Oggi bambini e ragazzi sono sempre più impegnati in mille attività extra scolastiche. Quali consigli daresti ai tuoi studenti per ottimizzare il poco tempo a disposizione per lo studio della musica?

Credo che il problema fondamentale dei ragazzi di adesso sia proprio questo: troppe attività e poca capacità di concentrazione. Credo che la cosa fondamentale sia evitare le distrazioni nel momento in cui si decide quale attività svolgere: se ci si dedica allo strumento, per esempio, è bene farlo curandosi che la tv sia spenta, che l’ambiente che ci circonda non ci offra troppi spunti per distrarci. Alla stessa maniera, quando i ragazzi si mettono a fare i compiti di scuola, bisognerebbe fare molta attenzione a evitare “interferenze”. Ma so che non è facile…

10 consigli d’ascolto per avvicinarsi al repertorio orchestrale classico e non?

Per quanto riguarda il repertorio classico, credo che non si possa prescindere da Bach, Mozart e Beethoven.

1) Bach-una suite orchestrale, o un concerto brandeburghese o meglio ancora, la messa in si minore

2) Mozart-un’ouverture delle grandi opere (nozze di figaro, don Giovanni, Flauto Magico), oppure una sinfonia. Qualsiasi opera dell’età “matura” (già dai 16/17 anni del genio austriaco) è considerabile un capolavoro!

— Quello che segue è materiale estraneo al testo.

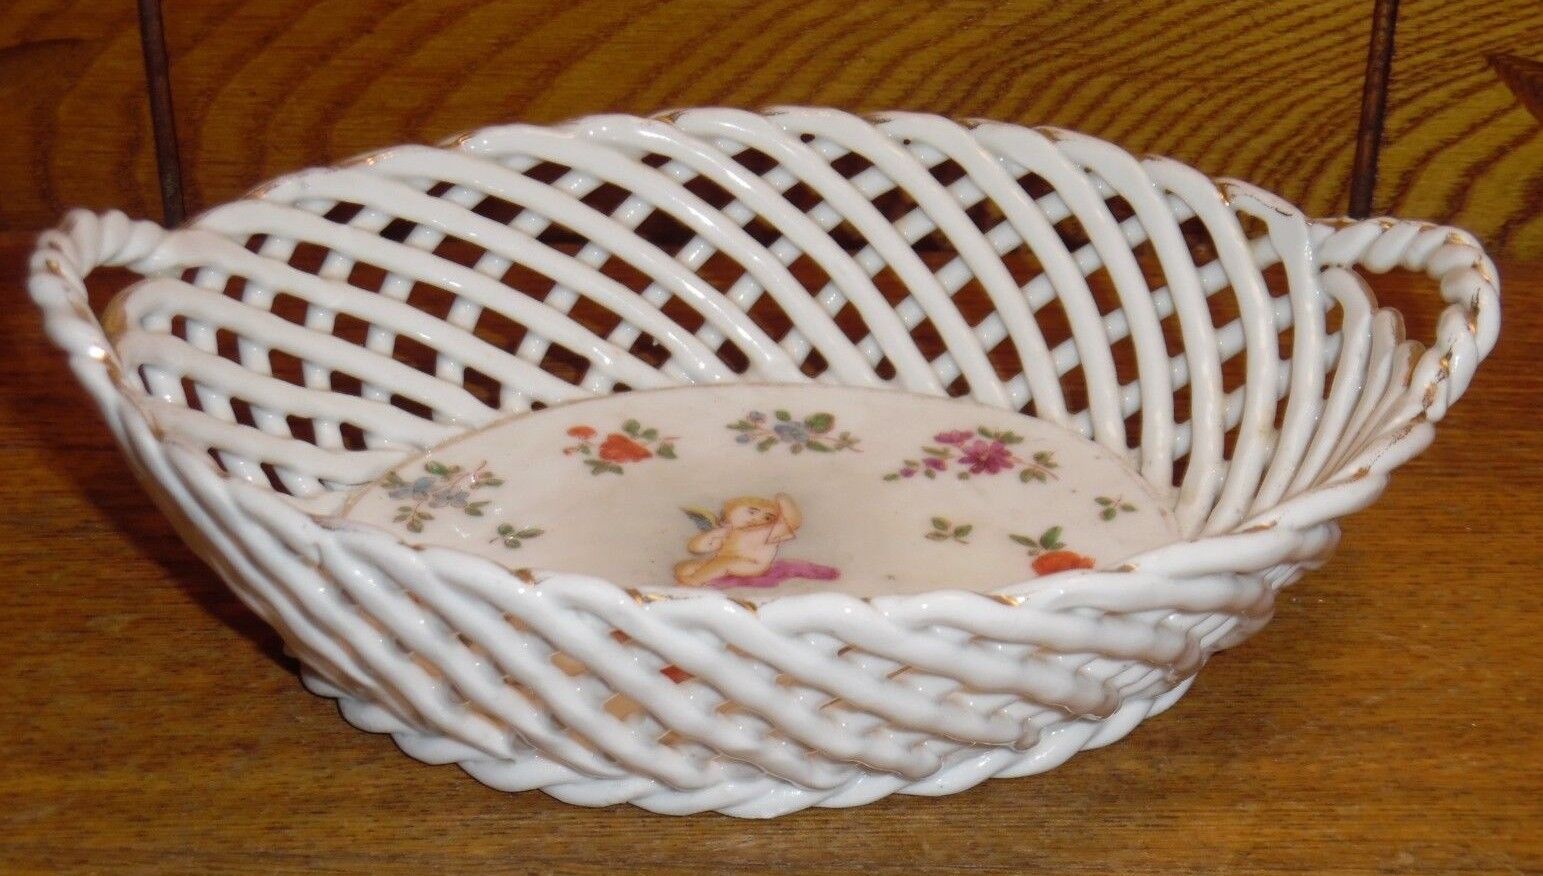 Vintage / Old Porcelain Basket Bowl w/ Cherub & Flower Decoration - 7 1/8\

3) Beethoven-sicuramente le IX sinfonie. Autentiche meraviglie, che mostrano una maestria nella scrittura orchestrale sinfonica con pochi pari nel resto della storia della musica.

Facendo un salto nel periodo romantico, ci sono diversi brani che consiglierei:

4) lo schiaccianoci (suite dal balletto) di P. I. Tchaikovsky

5) Il carnevale degli animali di C. Saint-Saens

Un piccolo assaggio di musica del ‘900:

6) Pierino e il Lupo di S. Prokofiev

7) Bolero di M. Ravel

8) Carmina Burana di C. Orff

Per quanto riguarda la musica più vicina al gusto dei giovani d’oggi, rimandando però sempre nel repertorio sinfonico, sicuramente si possono ascoltare le colonne sonore dei film:

9) John Williams è considerato uno dei più grandi compositori di musica da film contemporanei, ed è autore delle colonne sonore di Harry Potter, E.T., Jurassic park, Star Wars, solo per citarne alcune.

10) Per la musica “leggera”, con un forte legame al passato, consiglio un ascolto degli album “futuro antico” di A. Branduardi.

In genere, trovo che la musica leggera degli ultimi anni sia musicalmente molto poco interessante..

 

 

 

Anna Molaro, nata a Udine nel 1992, intraprende giovanissima lo studio del violoncello con Ennio Francescato, per poi approfondire lo studio con Carlo Teodoro, conseguendo sotto la sua guida il diploma accademico di II livello con il massimo dei voti e la lode.

Si è perfezionata con W. Panhofer e M. Flaksman per il repertorio solistico, con i M° F. Calabretto, C. Teodoro, G. Fontanella, A. Battiston, U. Cividino e F. Bertoli per la musica da camera. Inoltre, approfondisce lo studio del repertorio barocco solistico e cameristico con i M° W. Vestidello, C. Jones, A. Marchiol, C. Contadin e B. Ferrara.

Si è esibita in duo con il fratello Giovanni e in formazioni cameristiche presso la sede RAI di Trieste, al Mittelfest di Cividale, a Sacile, a Pordenone, a Sappada e in altre sedi regionali.

Ha partecipato a stages orchestrali tenuti dai M° F. A. Krager e dal violinista A. Grabiec, entrambi professori dell’Università di Huston (Texas).

Svolge attività orchestrale con l’Orchestra Giovanile Cherubini, sotto la guida dei M° R. Muti, D. Renzetti, W. Marshall, D. Russel Davies, N. Paszkowski e T. Battista. Ha collaborato inoltre con la FVG Mitteleuropa Orchestra, con l’Orchestra San Marco di Pordenone, l’Orchestra Naonis e con l’orchestra giovanile SFK. È attualmente I violoncello dell’orchestra giovanile “Filarmonici Friulani”.

Ha conseguito inoltre la laurea di I livello in Composizione e Direzione di Coro presso il Conservatorio di Udine con il massimo dei voti, lode e menzione, approfondendo lo studio con i M° Paolo Paroni e Cristiano Dell’Oste.

Approfondisce l’aspetto didattico conseguendo il diploma pedagogico Willems. Nel 2013 ha vinto il concorso di composizione “Il giardino del futuro” con la fiaba musicale dedicata a giovanissimi esecutori “Il pifferaio magico di Hamelin”.